Первым подал голос Ванимун:
- Куда собрался, Хиссуне? На маскарад?
- Он на Остров направился, с Леди в бирюльки играть!
- Да нет же, он собирается охотиться с Понтифексом на морских
драконов!
- Дайте пройти, - спокойно сказал Хиссуне, видя, что толпа становится
все плотнее.
- Дайте пройти! Пропустите его! - весело закричали они, и не подумав
расступиться.
- Где же ты раздобыл эту клоунскую хламиду, Хиссуне? -
поинтересовался Гизмет.
- Взял напрокат, - откликнулся Хойлан.
- Спер, наверное, - сказал один из его братьев.
- Нашел подвыпившего рыцаря в темной аллее и обобрал его как липку!
- Прочь с дороги, - сказал Хиссуне, которому спокойствие давалось все
труднее. - У меня важное дело.
- Важное дело! Важное дело!
- Он идет на прием к Понтифексу!
- Понтифекс хочет сделать Хиссуне герцогом!
- Герцог Хиссуне! Принц Хиссуне!
- А почему бы не Лорд Хиссуне?
- Лорд Хиссуне! Лорд Хиссуне!
В их голосах звучало что-то недоброе. Десять или двенадцать человек
окружили его плотной стеной. Сейчас ими двигали обида и зависть. Его
пышный наряд, наплечная цепь, эполет, башмаки, плащ - это, на их взгляд,
было слишком уж вызывающим, слишком высокомерным способом подчеркнуть
открывшуюся между ними пропасть. Мгновение спустя толпа принялась дергать
его за камзол, тянуть за цепь. Хиссуне стало страшно. Уговаривать их было
бесполезно, пробиться силой - попросту безрассудно, а ожидать, что вот-вот
появится патруль прокторов, - безнадежно. Он предоставлен самому себе.

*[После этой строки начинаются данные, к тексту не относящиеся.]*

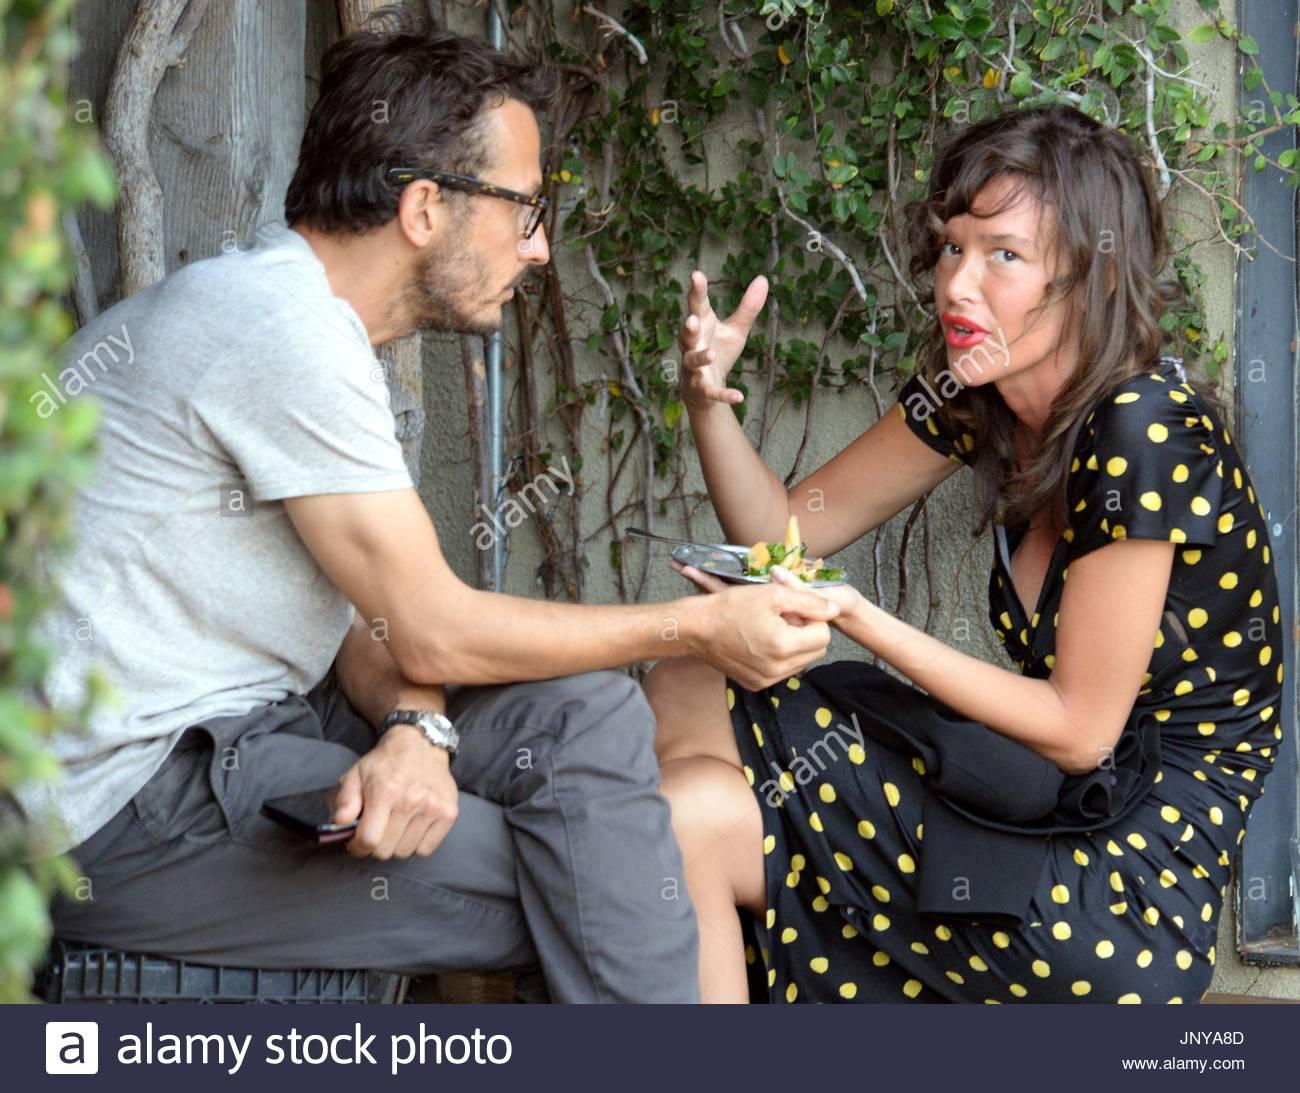 Paz de la huerta dating

Стоявший ближе всех Ванимун потянулся к плечу Хиссуне, как бы пытаясь
его толкнуть. Он отстранился, но Ванимун успел оставить грязный след на
светло-зеленой ткани плаща. Внезапно Хиссуне охватила бешеная ярость.
- Не смейте прикасаться ко мне! - заорал он, рисуя в воздухе знак
морского дракона.
Издевательски посмеиваясь, Ванимун вцепился в него второй раз.
Хиссуне перехватил его запястье и стиснул так, что наглец побледнел.
- Ой, отпусти! - простонал Ванимун.
Хиссуне дернул его руку вверх и назад, грубо развернув противника к
себе спиной. Особыми бойцовскими качествами Хиссуне никогда не отличался -
для этого он был слишком маленьким и хрупким и полагался обычно на
быстроту и смекалку, - но не давал спуску никому, когда его подстегивала
злоба. И сейчас, чувствуя, как его переполняет ненависть, низким,
напряженным голосом он процедил:
- Если надо будет, я сломаю тебе руку, Ванимун. Не желаю, чтобы ко
мне прикасались!
- Больно!
- Будешь еще руки распускать?
- Уж и пошутить нельзя...
Хиссуне вывернул руку Ванимуну до предела.
- Я тебе пошучу.
- От-т-пусти...
- Если будешь держаться от меня подальше.
- Ладно... Ладно!
Хиссуне отпустил Ванимуна и отдышался. Сердце бешено колотилось, он
весь покрылся потом, но старался не думать о том, какой у него вид. А
Эйлимур так старалась...
Его противник отступил назад, с угрюмым видом потирая запястье.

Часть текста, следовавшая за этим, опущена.